Dump HTML of page including iframes

2019-02-18 19:53发布

问题:

I'd like to dump the HTML contents of a web page, including the HTML of iframes included inside the <iframe> elements. The Chrome Developer Tools "Elements" tab is capable of showing iframe embedded in this way.

When I say "dump the HTML contents" I'm interested in browser automation tools like Selenium or PhantomJS. Do any of these tools have this capacity built in?

For example, the HTML dump I'd like of this page should include the HTML source of this embedded page.

回答1:

You can use phantomjs to achieve this

Here is a code snippet from the phantom js server code.

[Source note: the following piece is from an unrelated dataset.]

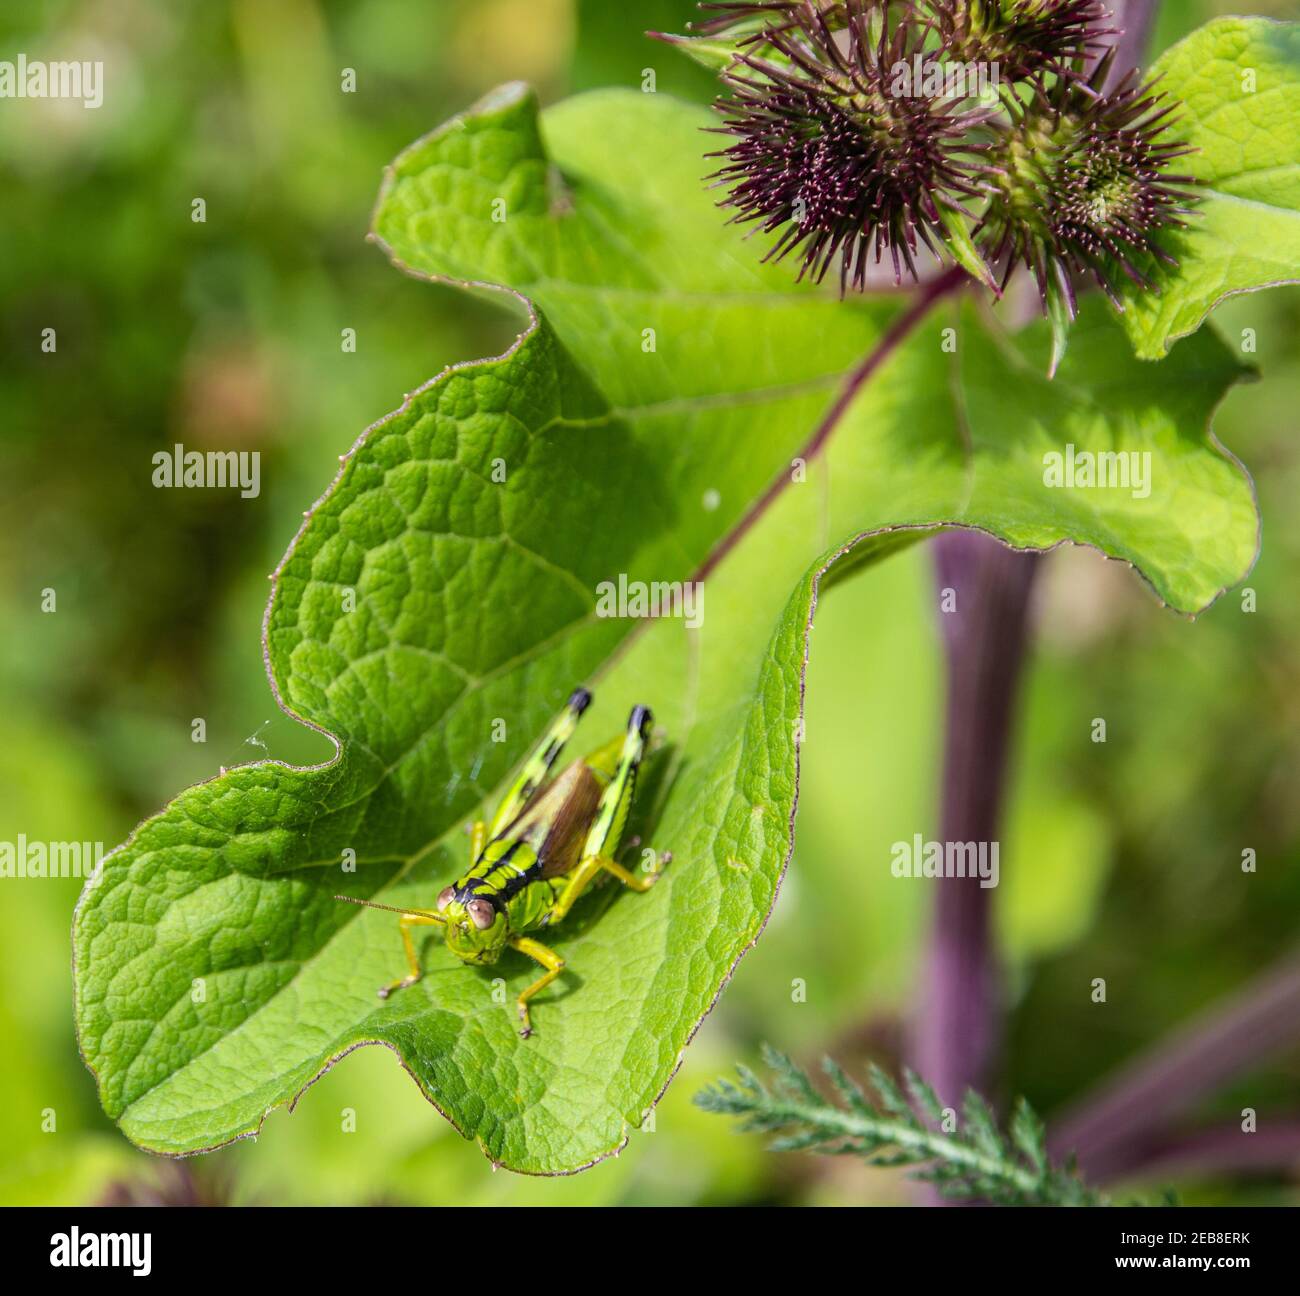 Miramella Alpina Grasshopper sulla foglia verde. Messa a fuoco selettiva Foto Stock

var system = require('system');
var url = system.args[1] || '';
if(url.length > 0) {
  var page = require('webpage').create();  
  page.open(url, function (status) {
    if (status == 'success') {
      var delay, checker = (function() {
        var html = page.evaluate(function () {
          var body = document.getElementsByTagName('body')[0];
          if(body.getAttribute('data-status') == 'ready') {
            return document.getElementsByTagName('html')[0].outerHTML;
          }
        });
        if(html) {
          clearTimeout(delay);
          console.log(html);
          phantom.exit();
        }
      });
      delay = setInterval(checker, 100);
    }
  });
}

on the html you use the "data-status" attribute to let phantomjs know when the page is ready if the html belongs to you . The other option would be to use a nice timeout if the html page does not belong to you.